◆ Task goal ◆
The material below holds pictures; leave them out and reproduce exactly the lines from the one with "EUROKRAFTpro – Plastic" through the one with "150 Sechskantschraube Reyher", inclusive.

◆ Dataset entries ◆
___

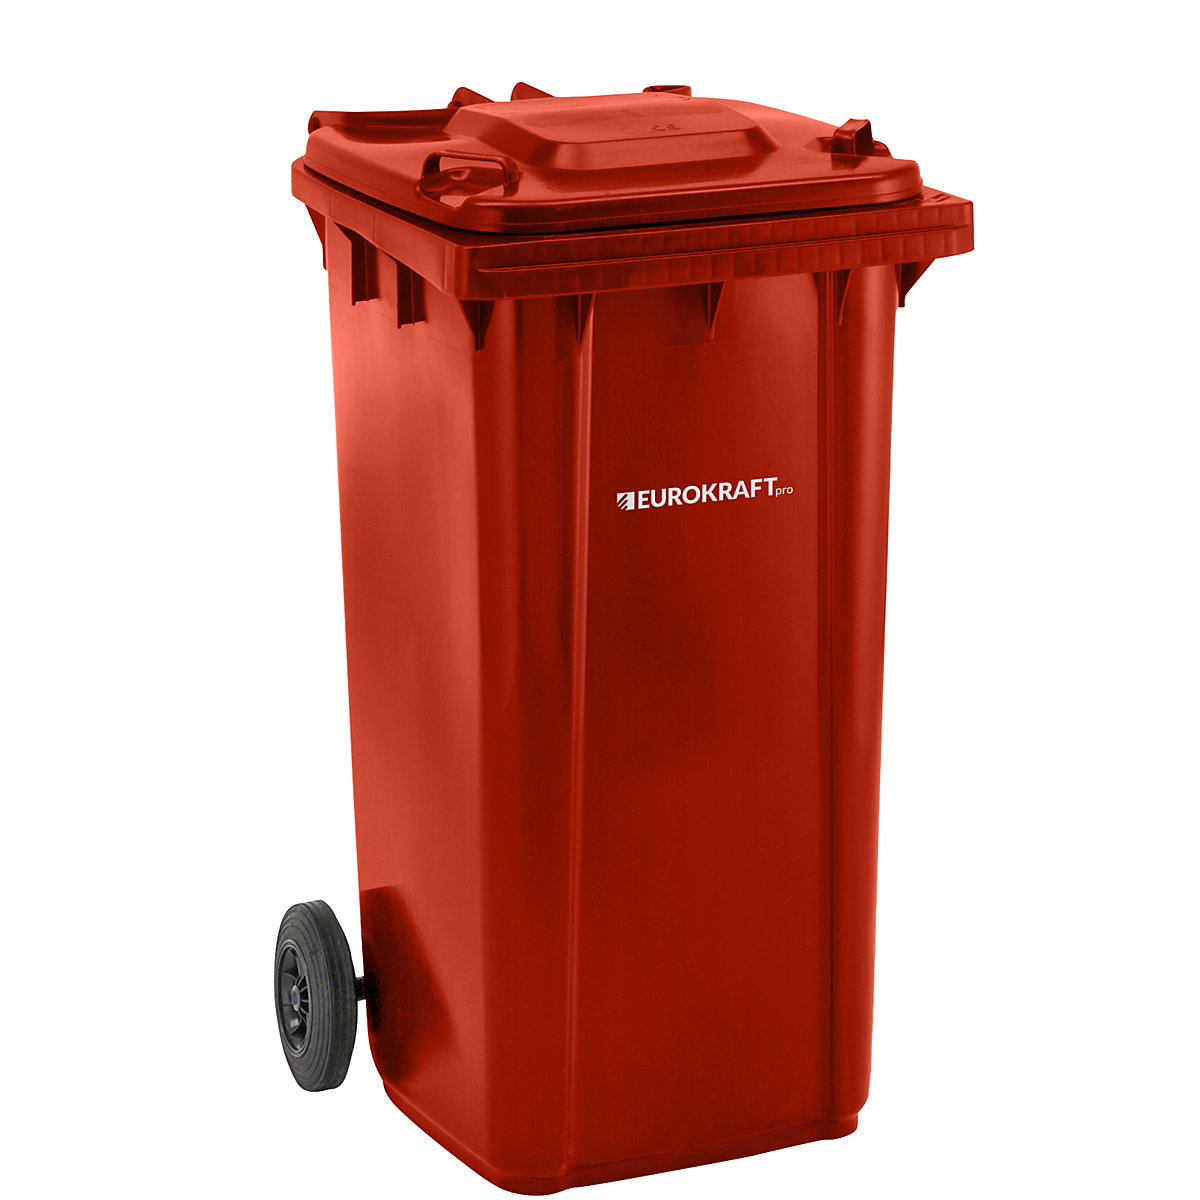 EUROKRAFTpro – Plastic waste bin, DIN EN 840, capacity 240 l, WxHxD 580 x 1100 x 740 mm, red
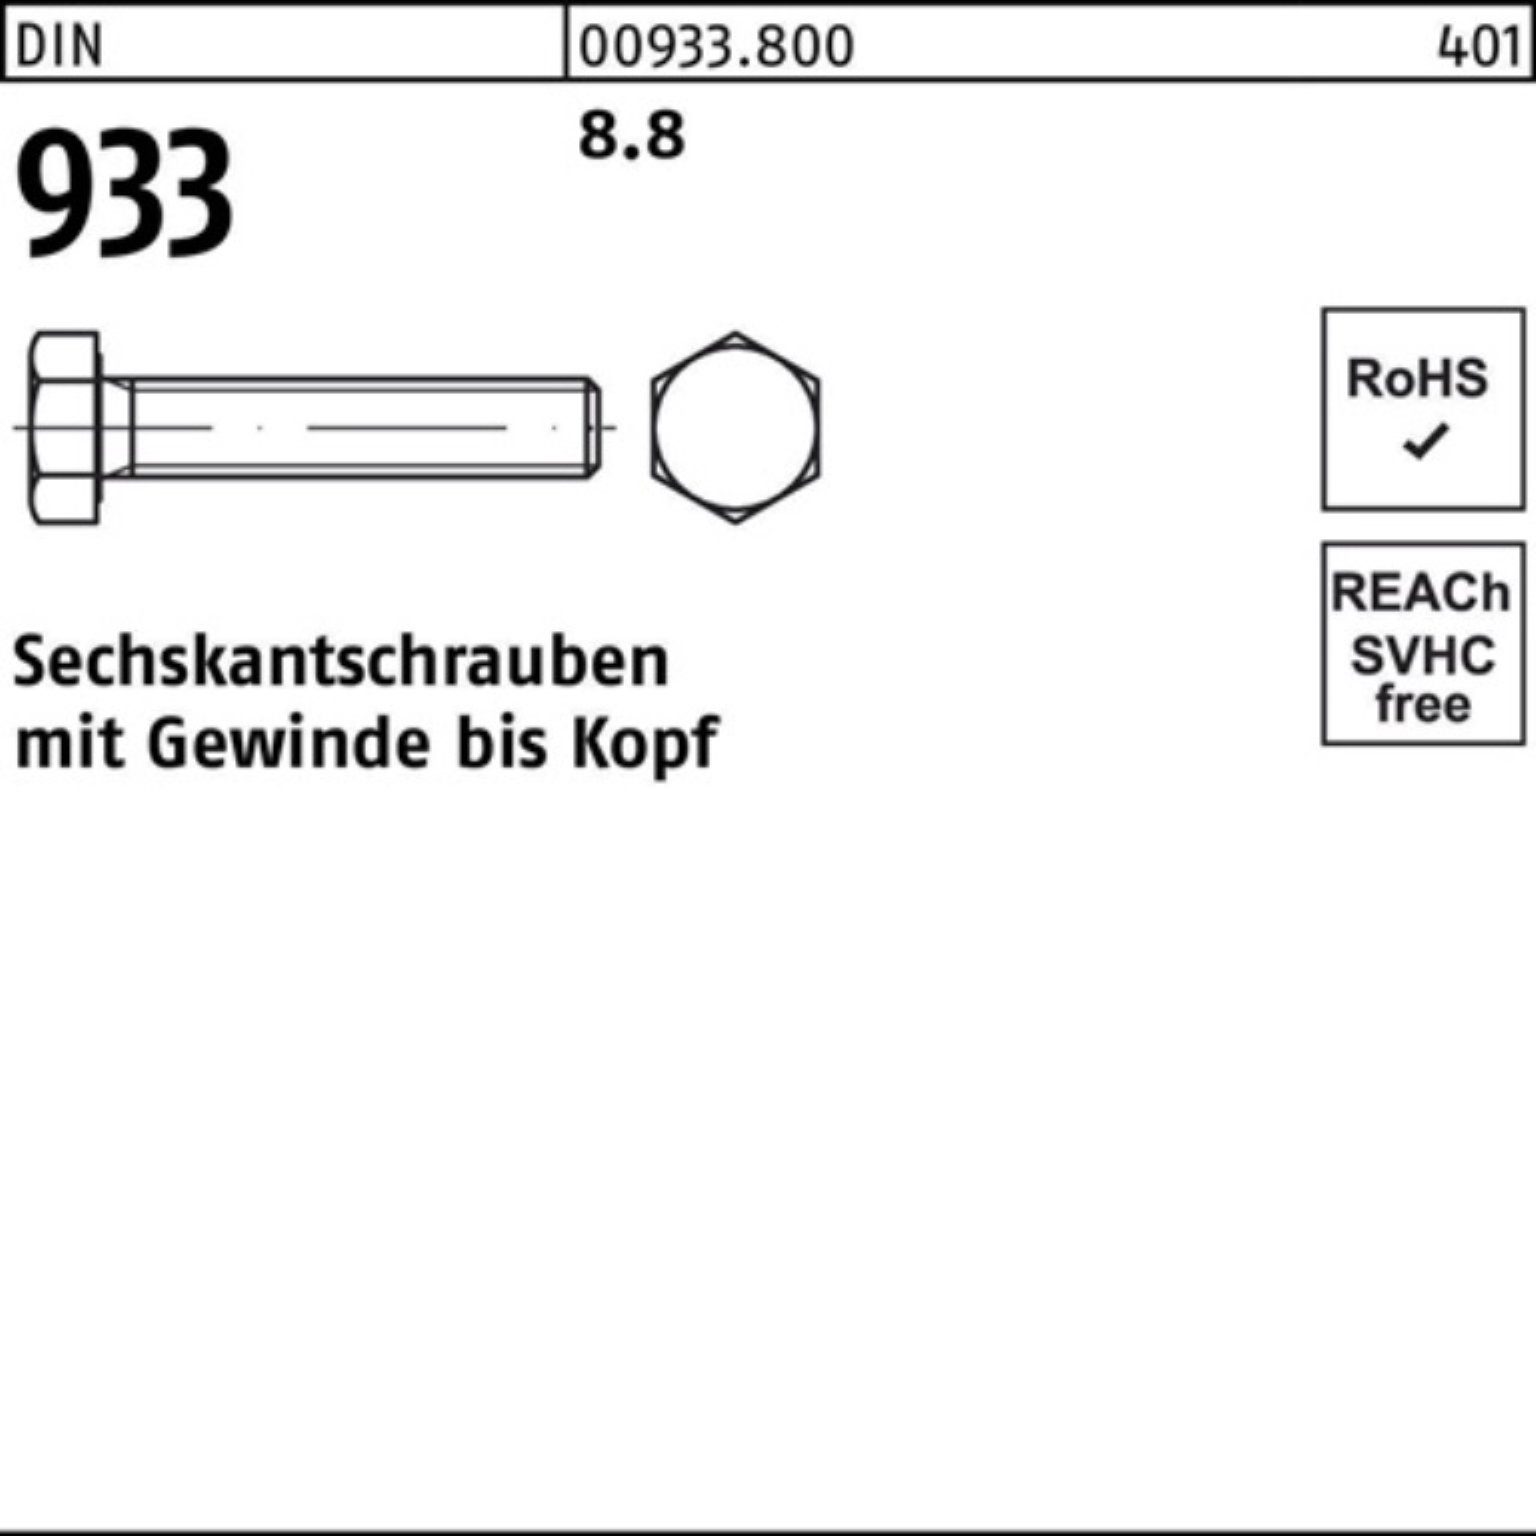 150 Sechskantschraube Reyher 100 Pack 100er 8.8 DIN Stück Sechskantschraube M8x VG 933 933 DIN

___

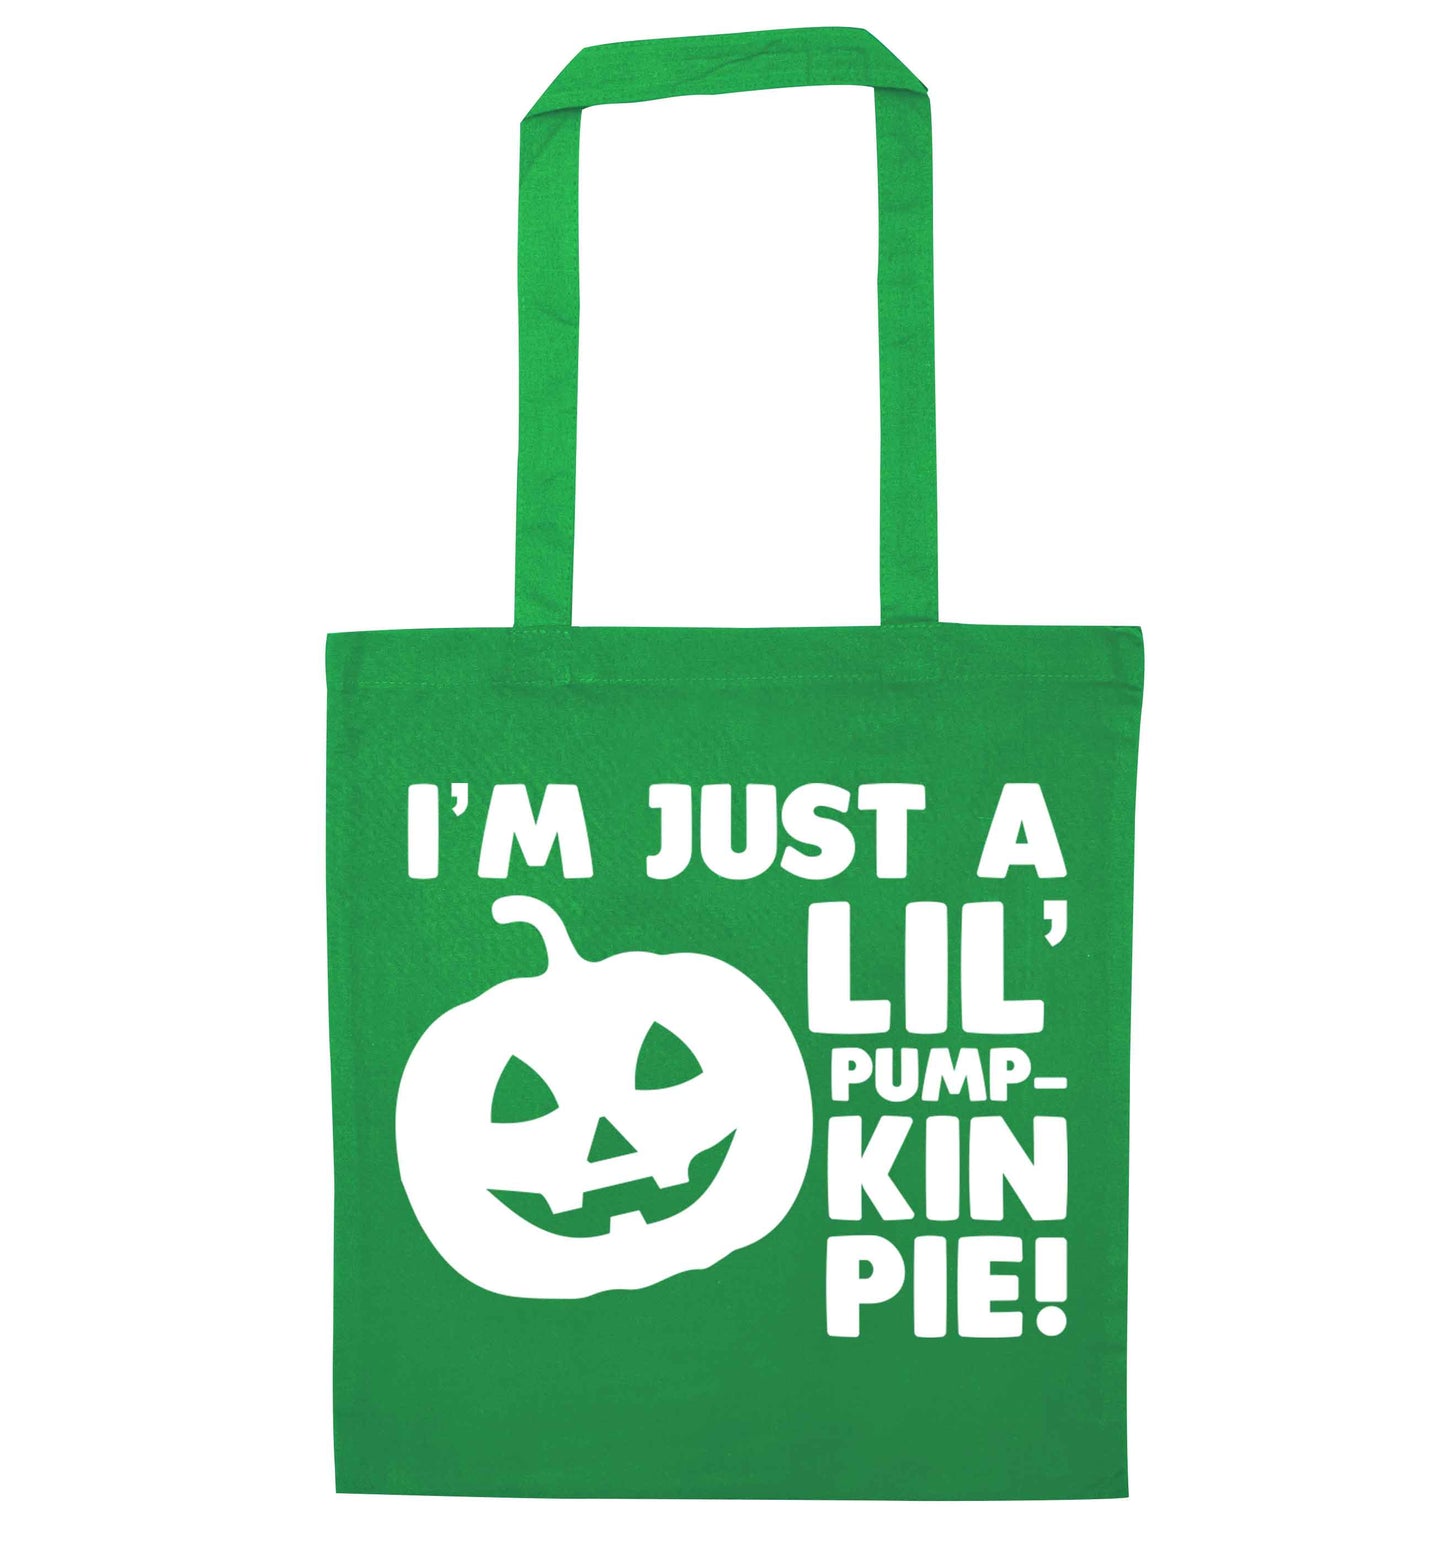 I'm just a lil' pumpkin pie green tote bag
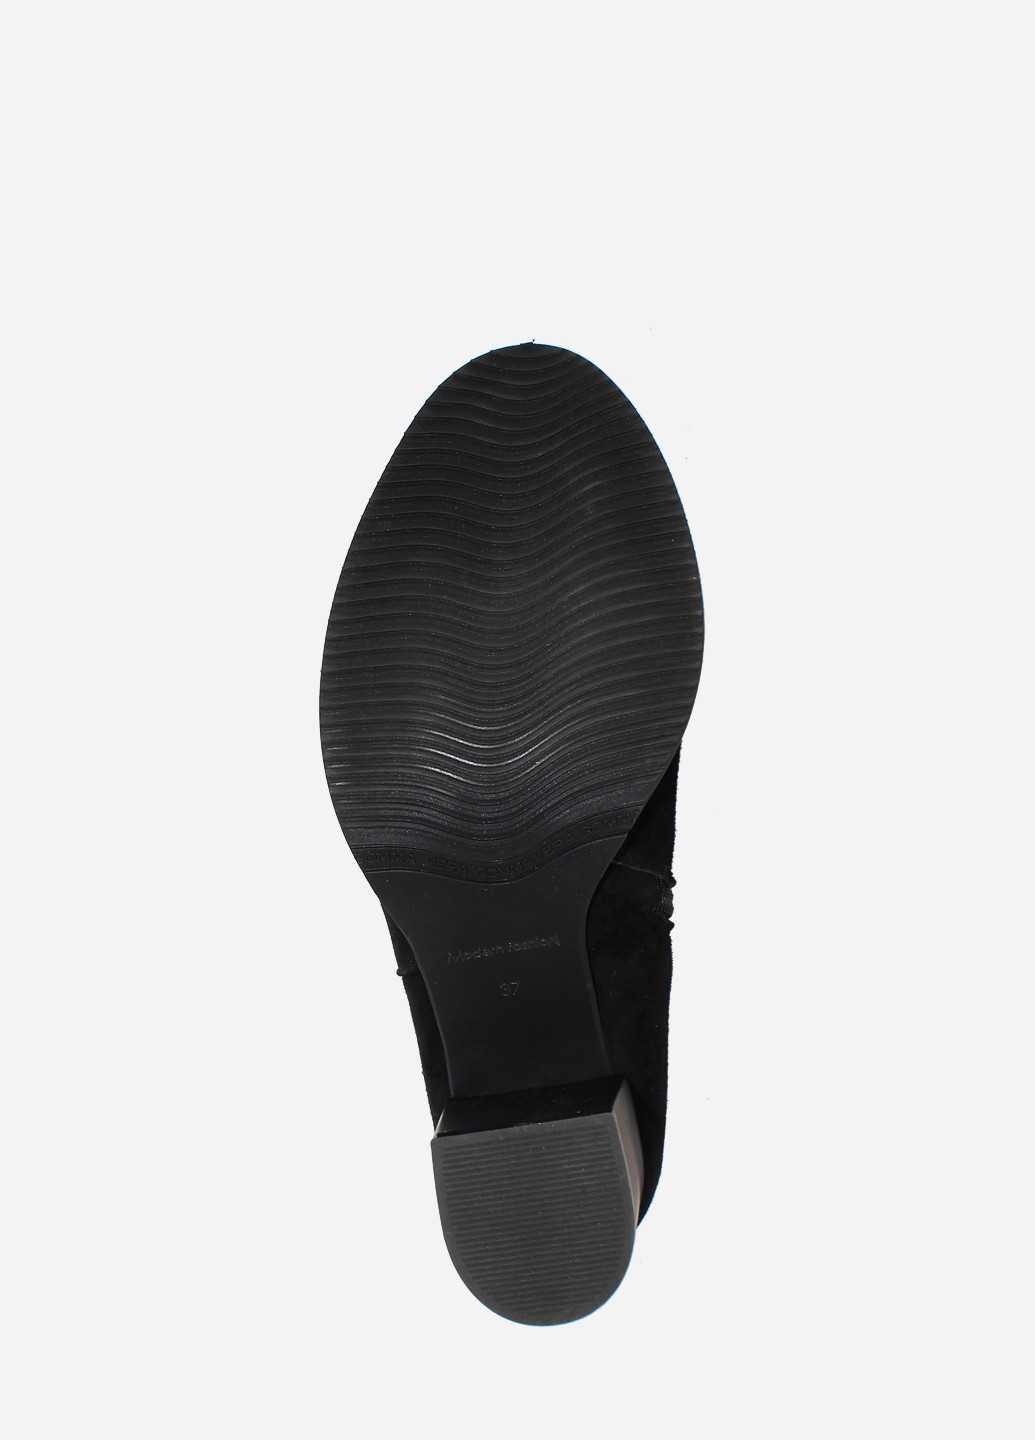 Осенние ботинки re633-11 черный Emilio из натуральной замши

___

◆ Exercise solution ◆
 EUROKRAFTpro – Plastic waste bin, DIN EN 840, capacity 240 l, WxHxD 580 x 1100 x 740 mm, red
 150 Sechskantschraube Reyher 100 Pack 100er 8.8 DIN Stück Sechskantschraube M8x VG 933 933 DIN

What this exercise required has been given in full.